Return the following data exactly, with all pictures left out.

DATA BLOCK:
————————
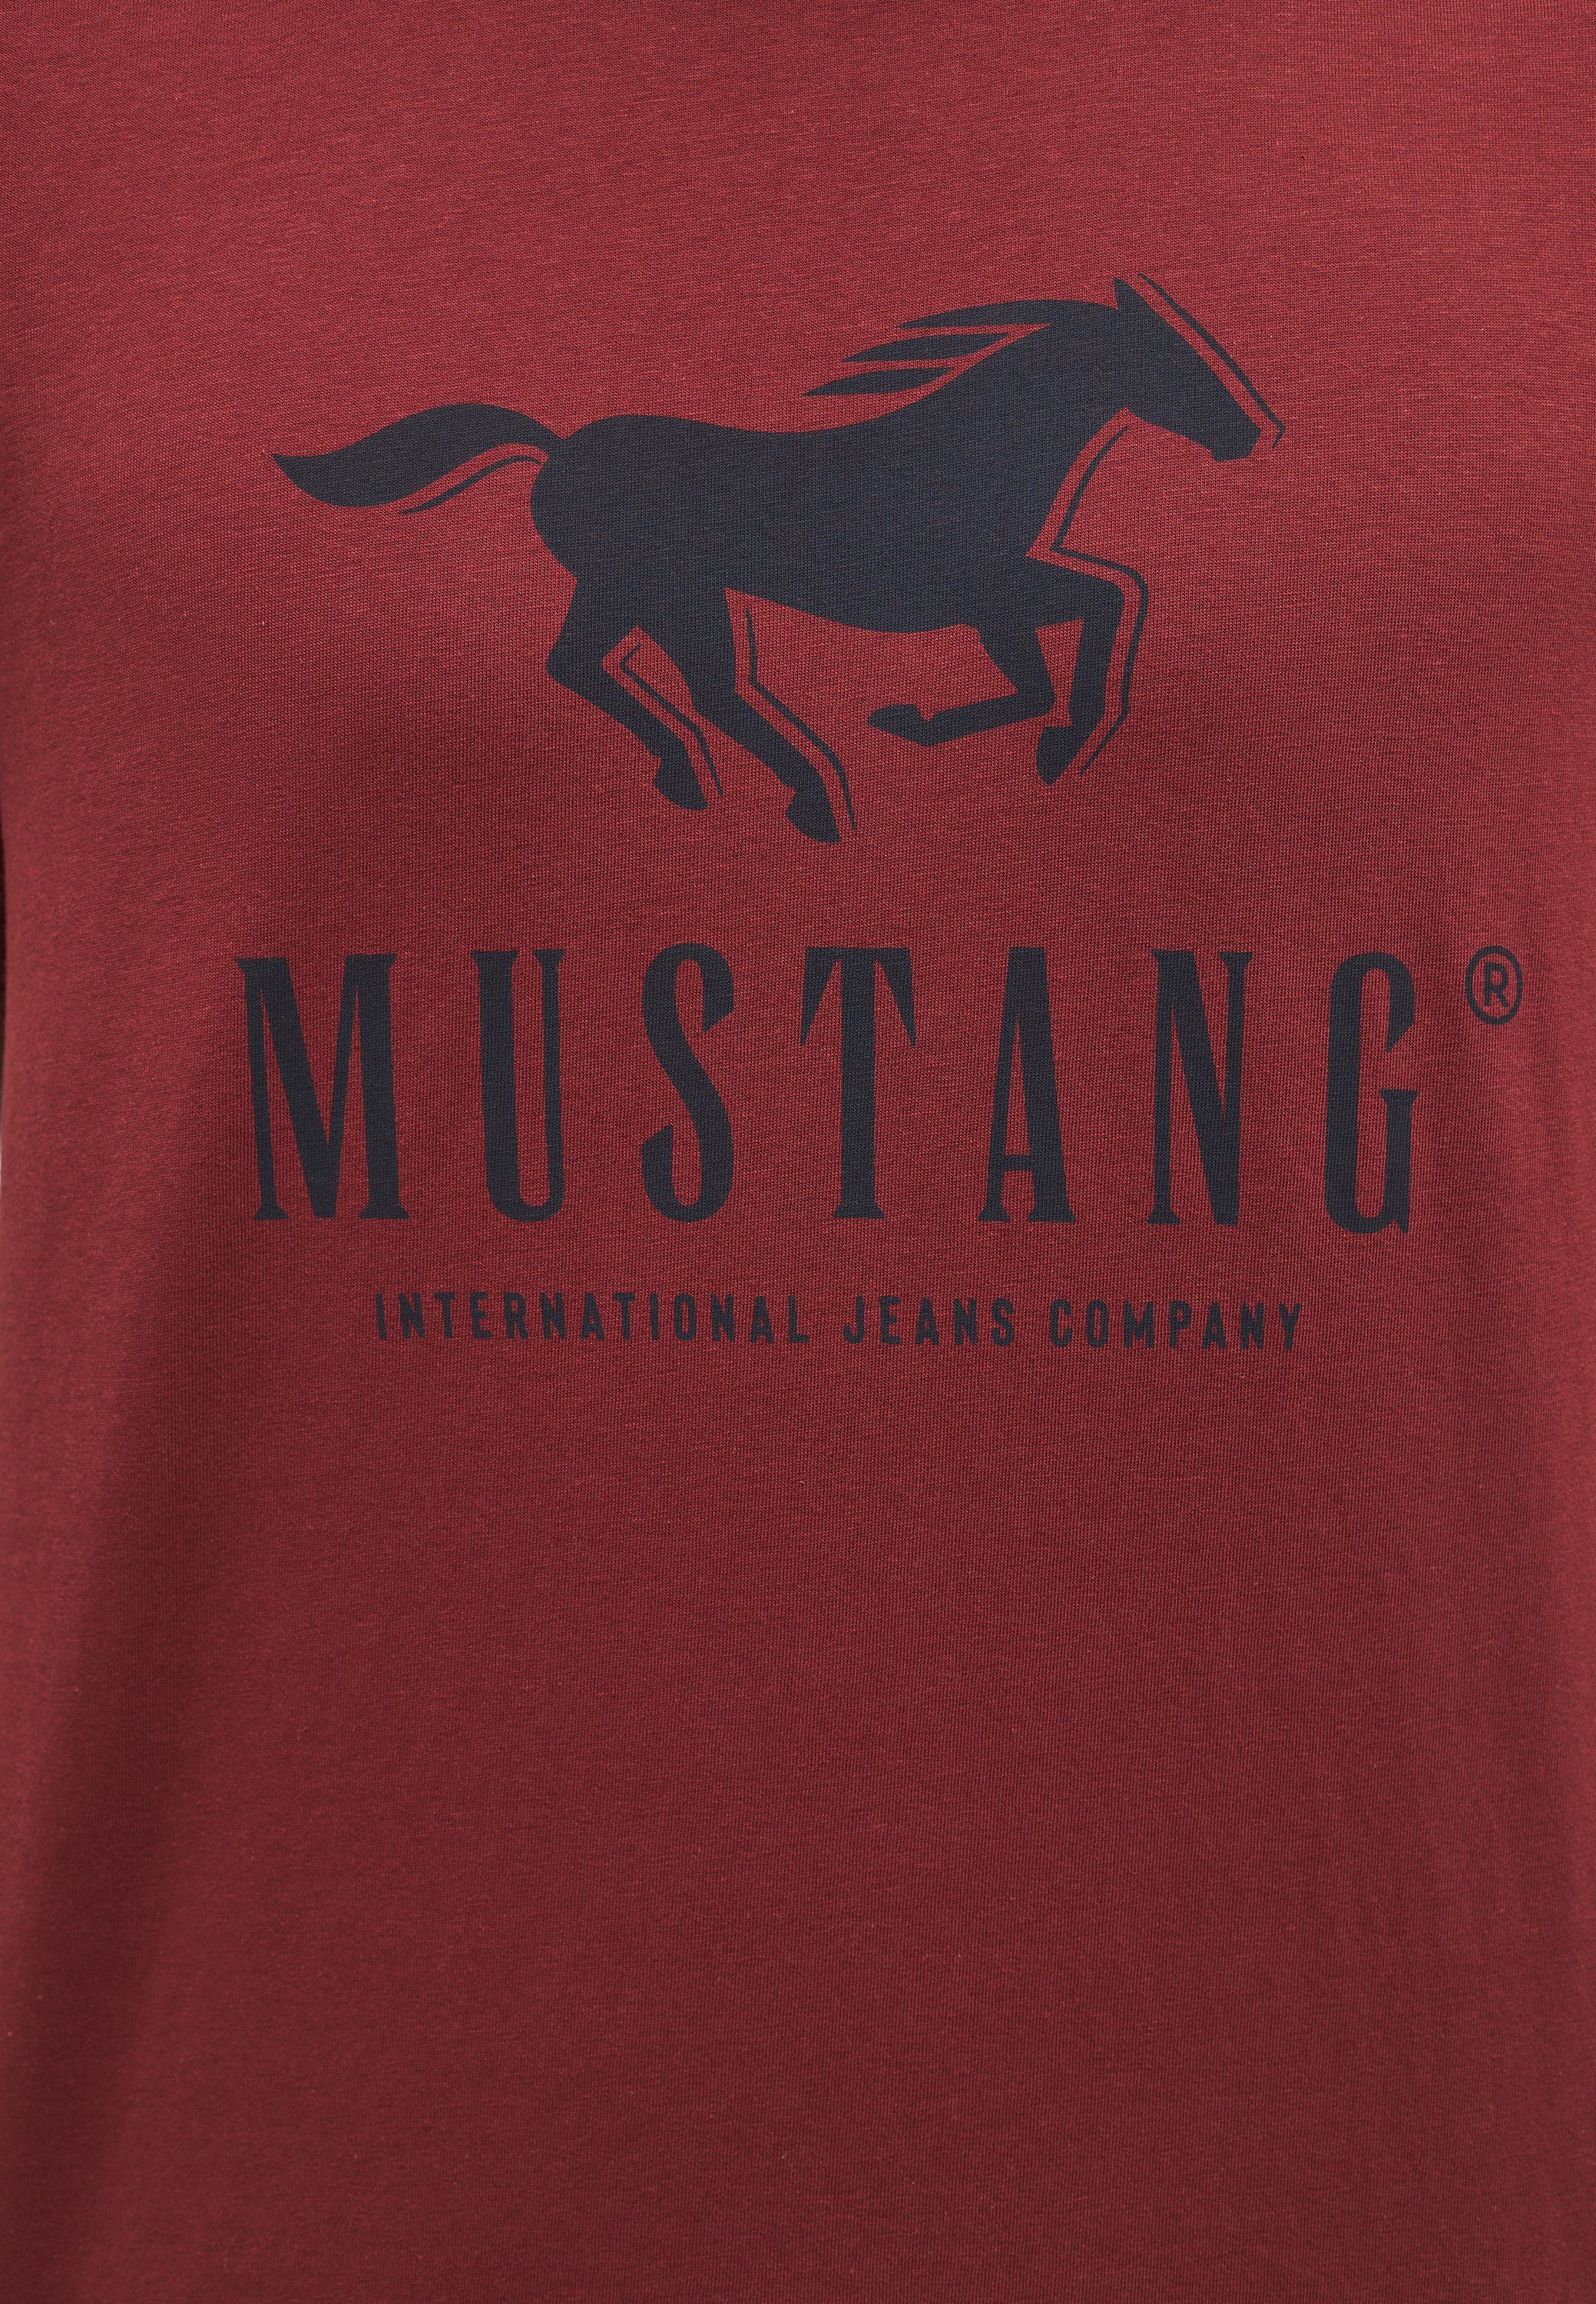 MUSTANG Mustang dunkelrot Kurzarmshirt Print-Shirt
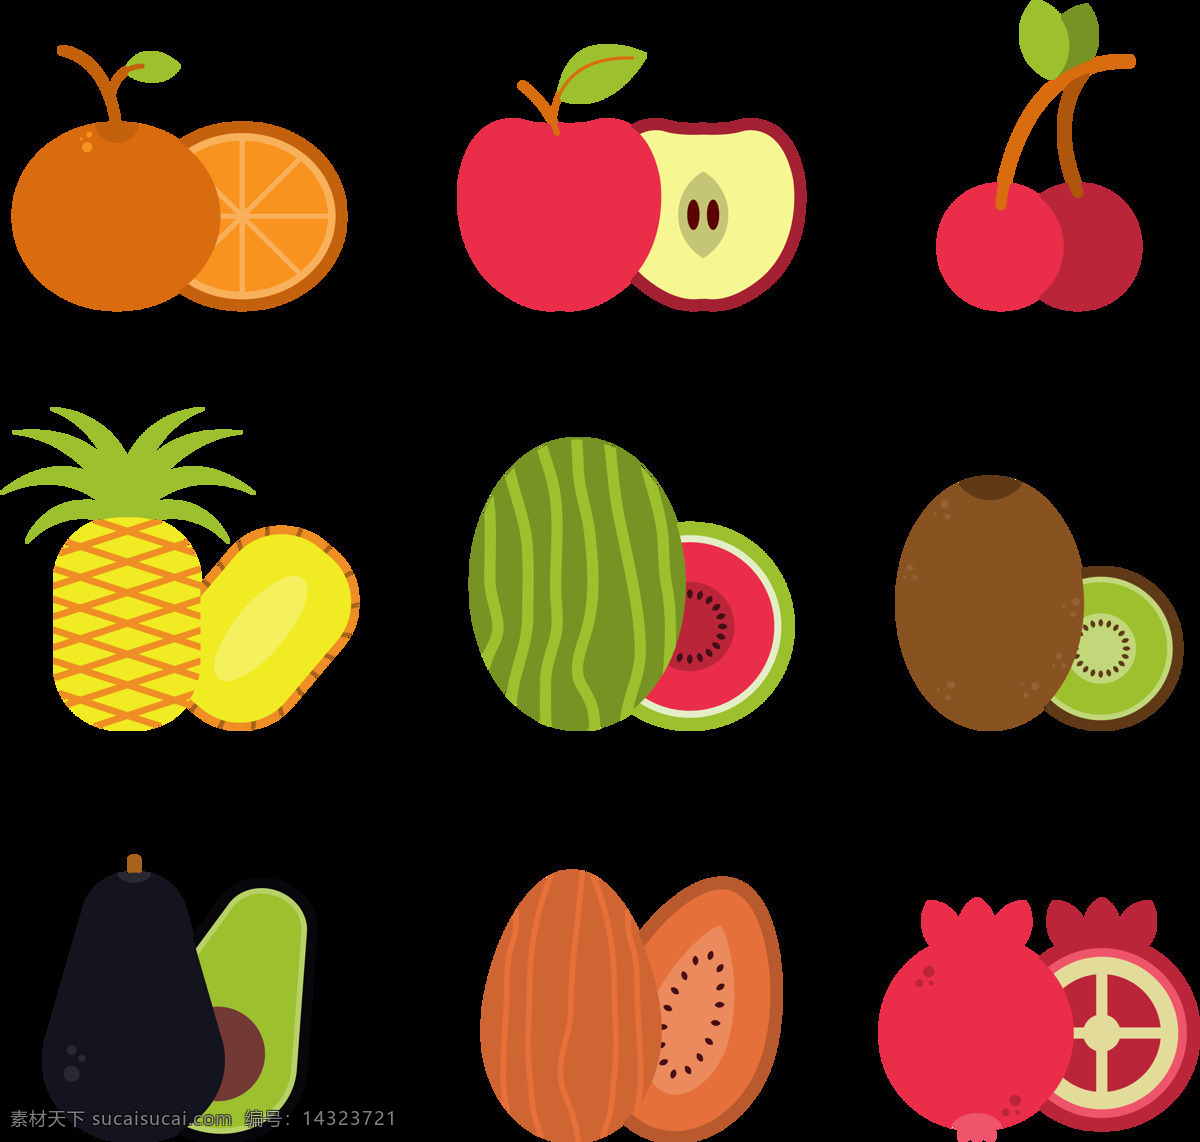 各种 水果 图标 免 抠 透明 图 层 彩色水果 水果手绘 彩色素材 彩色手绘 清新素材 手绘水果素材 夏日 彩色 手绘水果 水果素材 手绘素材 清新水果 素材水果
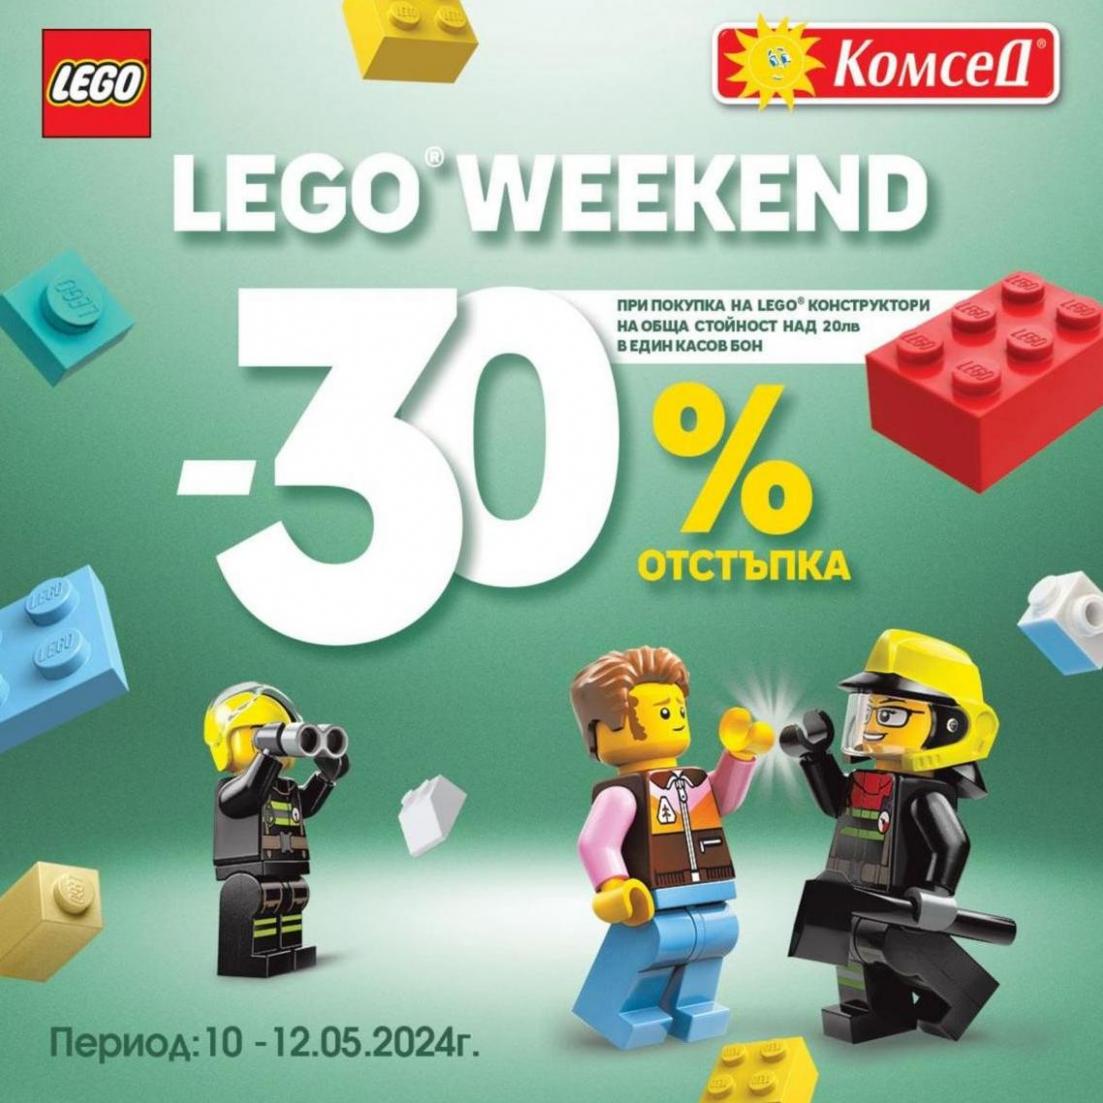 Lego Weekend -30% отстъпка. Комсед (2024-05-12-2024-05-12)
————————
OUTPUT OF THE TASK:
 MUSTANG Mustang dunkelrot Kurzarmshirt Print-Shirt
 各种 水果 图标 免 抠 透明 图 层 彩色水果 水果手绘 彩色素材 彩色手绘 清新素材 手绘水果素材 夏日 彩色 手绘水果 水果素材 手绘素材 清新水果 素材水果
 Lego Weekend -30% отстъпка. Комсед (2024-05-12-2024-05-12)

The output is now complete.